Core Research Question: Inspired by DeepSeek-R1 — where reasoning ability can emerge through RL without SFT demonstrations — can paralinguistic-aware dialogue capability similarly emerge through RL with minimal supervision?

Method

Overall Architecture

ParaS2S consists of two major components:

ParaS2SBench (Benchmark): - Automatically generates high-quality spoken test queries - Covers 4 paralinguistic dimensions: emotion, sarcasm, age, and gender - Each query is paired with two contrastive speaking styles - Directly evaluates the appropriateness of input-output speech pairs

ParaS2SAlign (Alignment Framework): - Stage 1: SFT warm-up - Stage 2: Distilled reward model - Stage 3: GRPO post-training

Key Designs

  1. Scenario-Controlled Query Generation: Each test query adheres to three design principles:

    • Neutral textual content: e.g., "I just bumped into my ex." carries no inherent emotional implication
    • Contrastive speaking styles: the same text is paired with two contrasting styles (e.g., surprised vs. sad)
    • Paralinguistic relevance: the speaking style genuinely influences what constitutes an appropriate response

→ Mechanism: Only when a model must infer the speaker's state from audio signals rather than text can paralinguistic awareness be truly tested. → Design Motivation: Prevents models from "guessing" the correct response based solely on textual content.

Data quality is ensured through triple filtering: neutrality test, plausibility test, and paralinguistic relevance test — all automated via ChatGPT and confirmed by human reviewers.

  1. Multi-Model Evaluation Pipeline: When evaluating output speech, content (transcribed via Whisper-v3) and speaking style (analyzed via AudioReasoner) are extracted separately, then jointly scored by ChatGPT 4.1:

    \(f_{\text{gpt}} = GPT(c_i, s_i, c_o, s_o, r)\)

→ Mechanism: Speech evaluation is decomposed into two sub-problems — content understanding and style understanding — before a holistic judgment is made. → Design Motivation: Direct speech quality evaluation is difficult; using text as an intermediary enables automated, scalable assessment.

  1. Three-Stage Alignment Framework:

Stage 1 — SFT Warm-up: High-quality demonstrations are constructed from 10k speech prompts, with expressive responses synthesized via gpt-4o-mini-tts. SFT training equips the model with basic paralinguistic awareness. This step is necessary — the base model entirely lacks this capability and cannot sample meaningful responses for RL.

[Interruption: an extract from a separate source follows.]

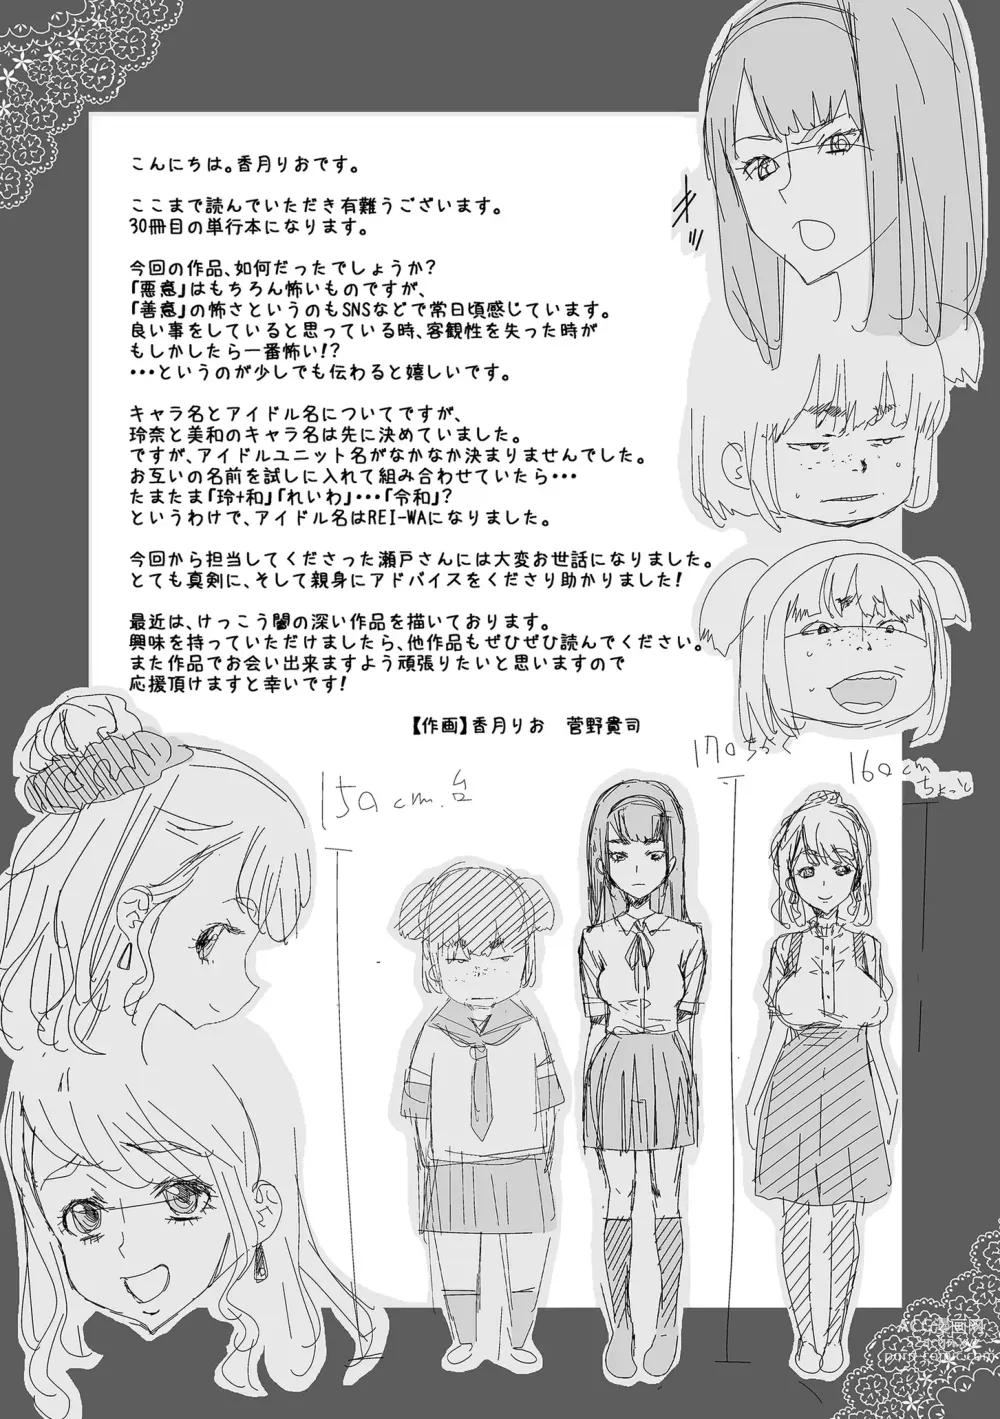 Page 193 of manga Idol Kankin Live!

Stage 2 — Distilled Reward Model: The SFT model generates 32 responses per query for 10k queries (320k pairs total), which are scored by the evaluation pipeline. A reward model \(\phi\) is then trained to approximate pipeline scores, resolving the pipeline's slow evaluation speed.

Stage 3 — GRPO Post-Training: Using 100k unlabeled speech prompts, the model learns from its own generated responses via GRPO. For each query, \(G=8\) responses are sampled in-group, scored by the reward model \(\phi\), normalized to compute advantage estimates, and used to update the policy.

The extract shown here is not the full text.